学会概要

会長挨拶

  2015.5.10 総会での会長挨拶

 本学会は1973年5月に社会事業史研究会として、初代会長の吉田久一先生、一番ケ瀬康子先生、高島進先生等21人の発起人の先生方のお力によって発足いたしました。それから40年あまりを経ましたが、この間、1998年に社会事業史学会へと改組され、社会福祉学界における歴史研究者の拠点として、また社会福祉学界における学術研究の一領域として今日まで発展して参りました。そして前会長の永岡正己先生には8年間にわたり歴史研究をリードされるとともに、今日の学会としての体制の礎を築いていただきました。さらに本学会には吉田久一先生をはじめとする篤志をお寄せ下さった先人達がおられます。

 本学会は、この学会に参集し、その歩みを支えてこられた多くの研究者のみなさま、学会員のみなさまの学術研究への強い意欲と高い精神性によって支えられてきたと確信いたしております。この度、自らの非力さを顧みず会長職を拝命いたしましたが、学会の発展に微力ながら力を尽くしたいと考えております。みなさまのご指導とご協力を引きつづき賜りたく、なにとぞよろしくお願い申し上げます。

 本学会の目的は学会規約第3条に明記されますように「社会事業史の研究を通じ、社会福祉の科学的研究を高め、民主主義に基づいた日本社会福祉の進展に資すること」であります。今日、発展・変貌する社会福祉の動向を見極め、歴史研究の立場からその方向性を吟味し、真に人々の生活に寄り添うための問題意識を共有しつつ、本学会が設立当初から掲げてきた理念をみなさまと共に継承し、社会的使命を果たしていきたいと願っております。

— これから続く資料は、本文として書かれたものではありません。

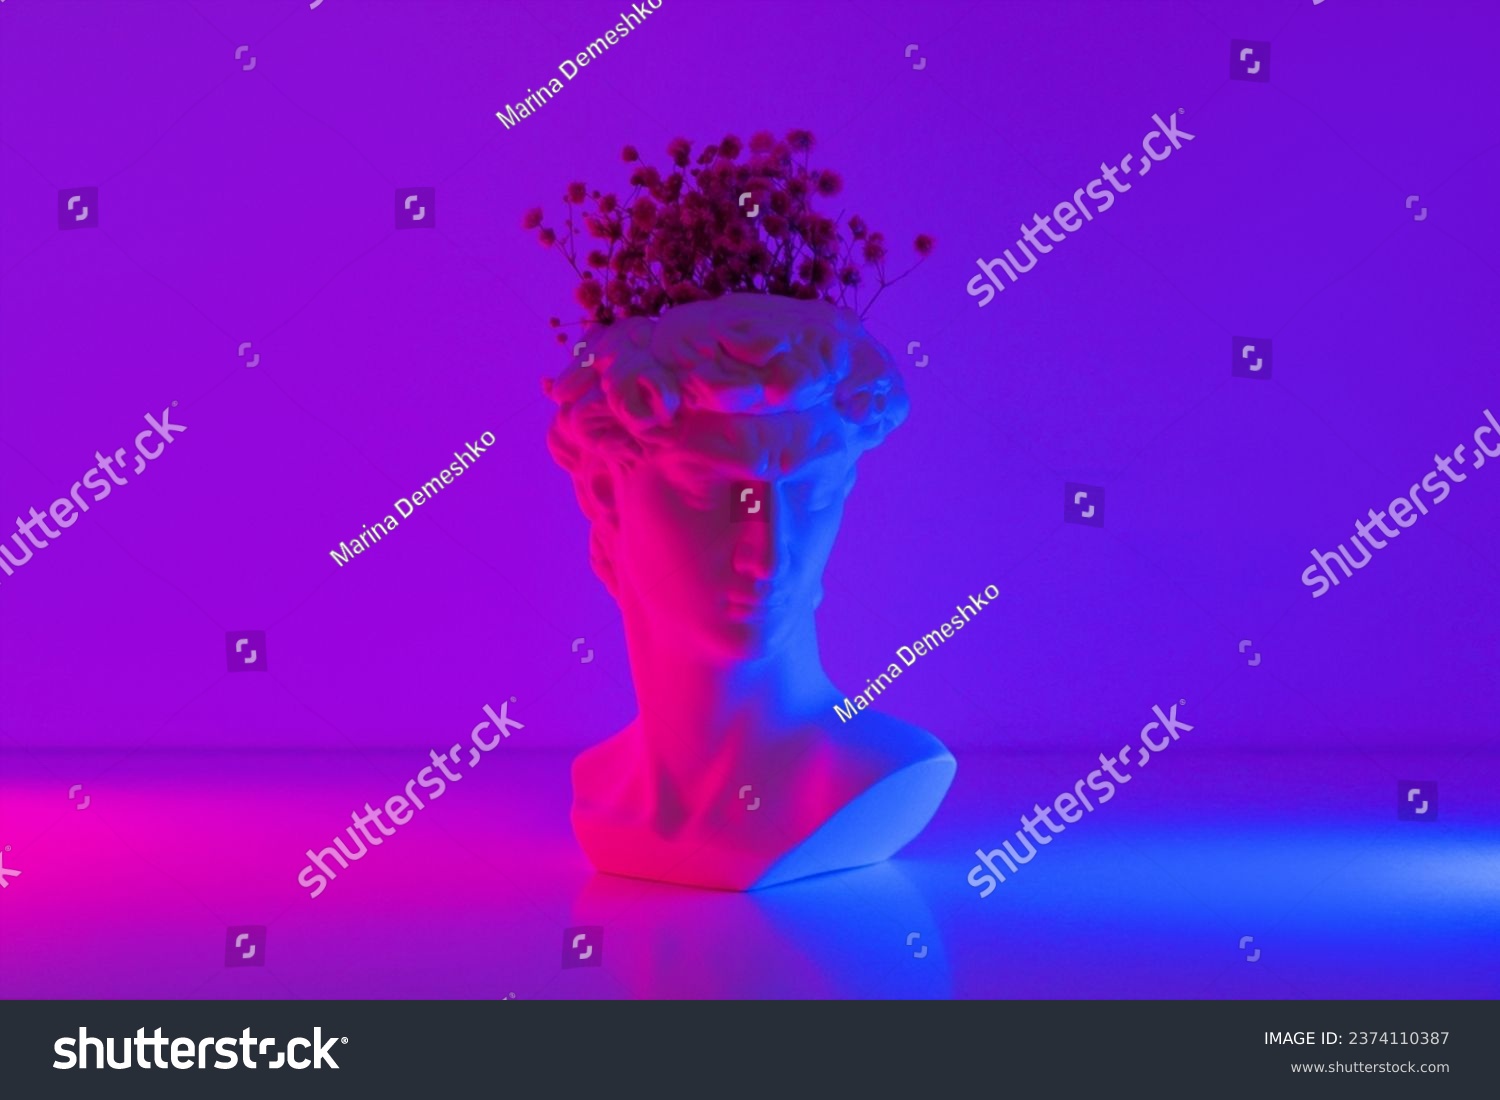 Plaster antique David's statue head with flowers inside pink and blue colored neon light. 3d trendy collage in magazine style. Contemporary art. Modern creative design #2374110387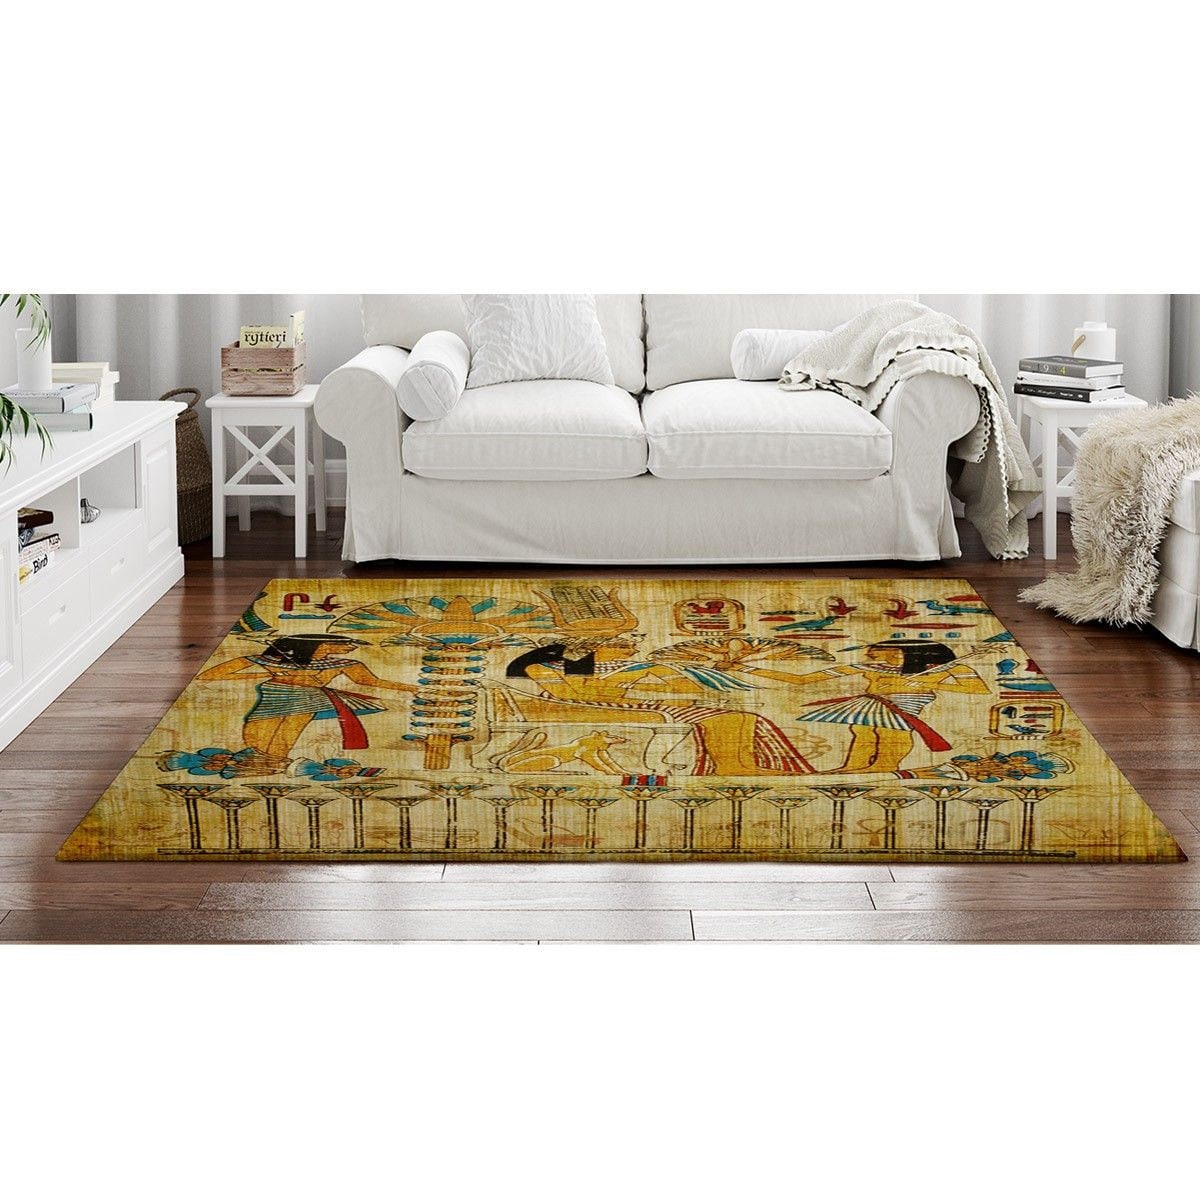 AGONA Modern Area Rug 4x6 Ancient Egyptian Rugs Soft Indoor Floor Carpet No-Shedding Non-Slip Rectangle Mat for Living Room Entryway Bedroom Dormitory

 本学会が取り組む必要がある課題は数多いのですが、その一つは、歴史研究の更なる質的向上と研究領域の多様性および拡張をはかることです。関連領域との学術的交流や国際的学術交流が、新たな研究上の挑戦を生み、こうした側面を強化してくれるはずです。そして、研究の質的向上に基づき、社会福祉教育における歴史的思考の有意性を対外的に働きかけていくことが重要です。もう一つは、歴史研究の発展をはかるうえで欠かせない史資料の発掘や保管および地道な地域史、施設史への取り組みと研究方法論探求の重要性です。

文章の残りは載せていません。